4.      Model pohon keputusan (Decision Tree Model)
            Model ini merupakan suatu diagram yang cukup sederhana yang menunjukkan suatu proses untuk merinci masalah-masalah yang dihadapinya kedalam komponen-komponen, kemudian dibuatkan alternatif-alternatif pemecahan beserta konsekuensi masing-masing.
            Dengan demikian, maka pimpinan tinggal memilih alternative mana yang sekiranya paling tepat untuk dijadikan keputusan.
            Pohon keputusan ini biasanya dipergunakan untuk memecahkan masalah-masalah yang timbul dalam proyek yang sedang ditangani. Selanjutnya Welch dan Comer memberikan definisi mengenai pohon keputusan (decision tree) sebagai berikut:
“The decision tree is a simple diagram showing the possible consequences of alternative decisions.

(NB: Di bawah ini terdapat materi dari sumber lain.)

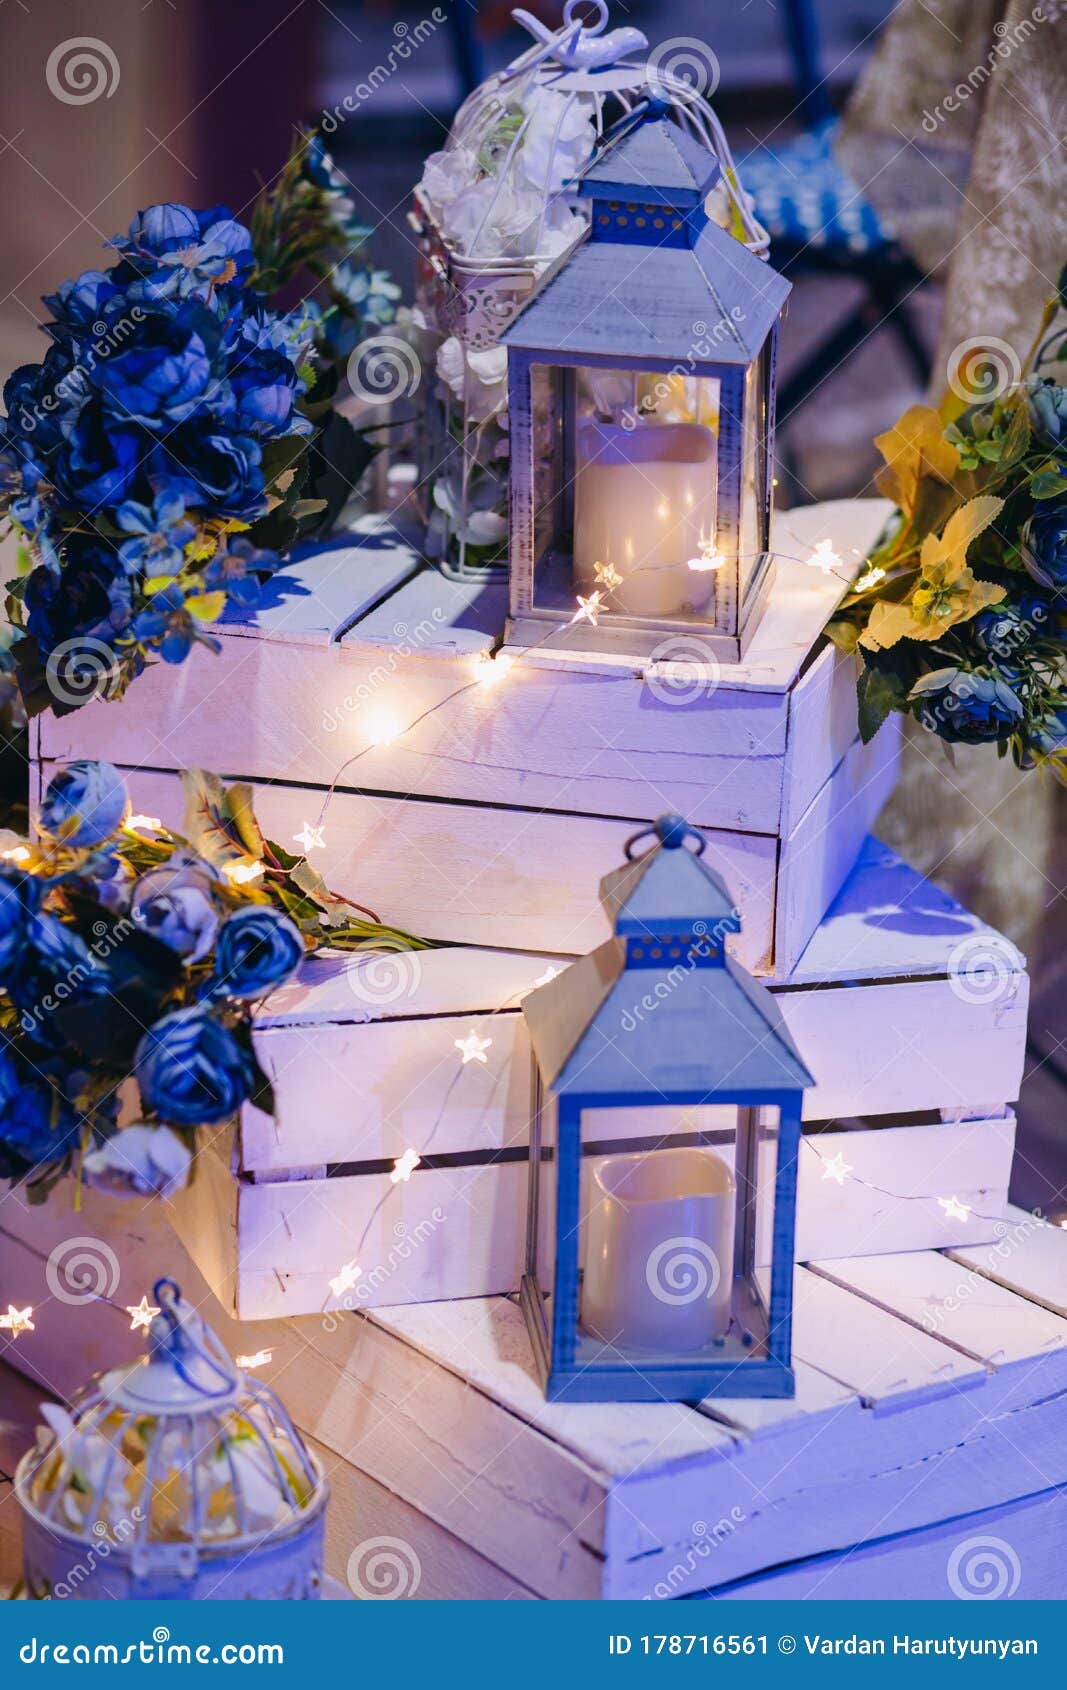 blueish decoration with wooden boxes

The tree includes the decision nodes chance modes, pay offs for each combination, and the probabilities of each event.”
            Menurut Welch, ada 4 komponen dari pohon keputusan yakni : simpul keputusan, simpul kesempatan, hasil dari kombinasi, dan kemungkinan-kemungkinan akibat dari setiap peristiwa yang terjadi. Hal yang kiranya penting dalam pohon keputusan adalah pengambil keputusan itu haruslah secara aktif memilih dan mempertimbangkanbetul-betul alternative mana yang akan dijadikan keputusan
            Tipe analisis pembuatan keputusan mana yang akan digunakan sangat tergantung pada kemungkinan-kemungkinan yang rasional dapat dikemukakan terhadap masalah yang dihadapinya. Untuk keperluan tersebut dibutuhkan informasi yang lengkap,upto-date dan dap;at dipercaya kebenarannya, sehingga memudahkan bagi pimpinan untuk mengambil keputusan dengan baik.
            Pohon keputusan itu dinamakan juga diagram pohon karena bentuknya berupa diagram. Diagram ini bentuknya seperti pohon roboh. Diagram pohon ini merupakan salah satu langkah yang diperlukan, misalnya dalam pengambilan rancangan bangun proyek. Konsep proses ini pada dasarnya mengikuti teori system, dimana antara komponen yang satu dengan komponen yang lain merupakan mata rantai proses yang berkesinambungan, yang saling bergantung.
Adapun langkah-langkah yang sekiranya perlu dilakukan secara berturut-turut sebagai berikut:
1.        Mengadakan identifikasi jaringan hubungan komponen-komponen yang ada yang secara bersama-sama membentuk masalah tertentu yang nantinya harus dipecahkan melalui diagram keputusan. Masalah tertentu itulah yang merupakan masalah utama.
2.        Masalah utama itu kemudian dirinci kedalam masalah yang lebih kecil.
3.        Masalah yang sudah mulai terinci itu kemudian dirinci lagi kedalam masalah yang lebih kecil lagi. Begitu seterusnya, sehingga merupakan diagram pohon yang bercabang-cabang.
Itulah sebabnya mengapa keputusan atau proses pengambilan keputusan yang dilakukan semacam itu dinamakan diagram pohon. Diagram pohon itu sangat bermanfaat bagi tim yang mengadakan analisi masalah untuk kemudian dipecahkan bersama-sama dalam tim itu karena masalahnya dan pemecahaanya saling berkaitan. Tanpa bantuan anggota tim lainnya masalah yang begitu kompleks tidak akan dapat dipecahkan.
5. Model Kurva Indiferen (Kurva Tak Acuh).
Kurva Indeferen merupakan kurva berbentuk garis dimana setiap titik yang berada pada garis kurva tersebut mempunyai tingkat kepuasan atau kemanfaatan yang sama. Misalnya, penggunaan barang A dan B meskipun kombinasi jumlah masing-masing berbeda, namun apabila semuanya itu berada pada titik kurva indiferen, kepuasa sama.
 Kurva Indeferen mempunyai 4 ciri penting, yakni sebagai berikut.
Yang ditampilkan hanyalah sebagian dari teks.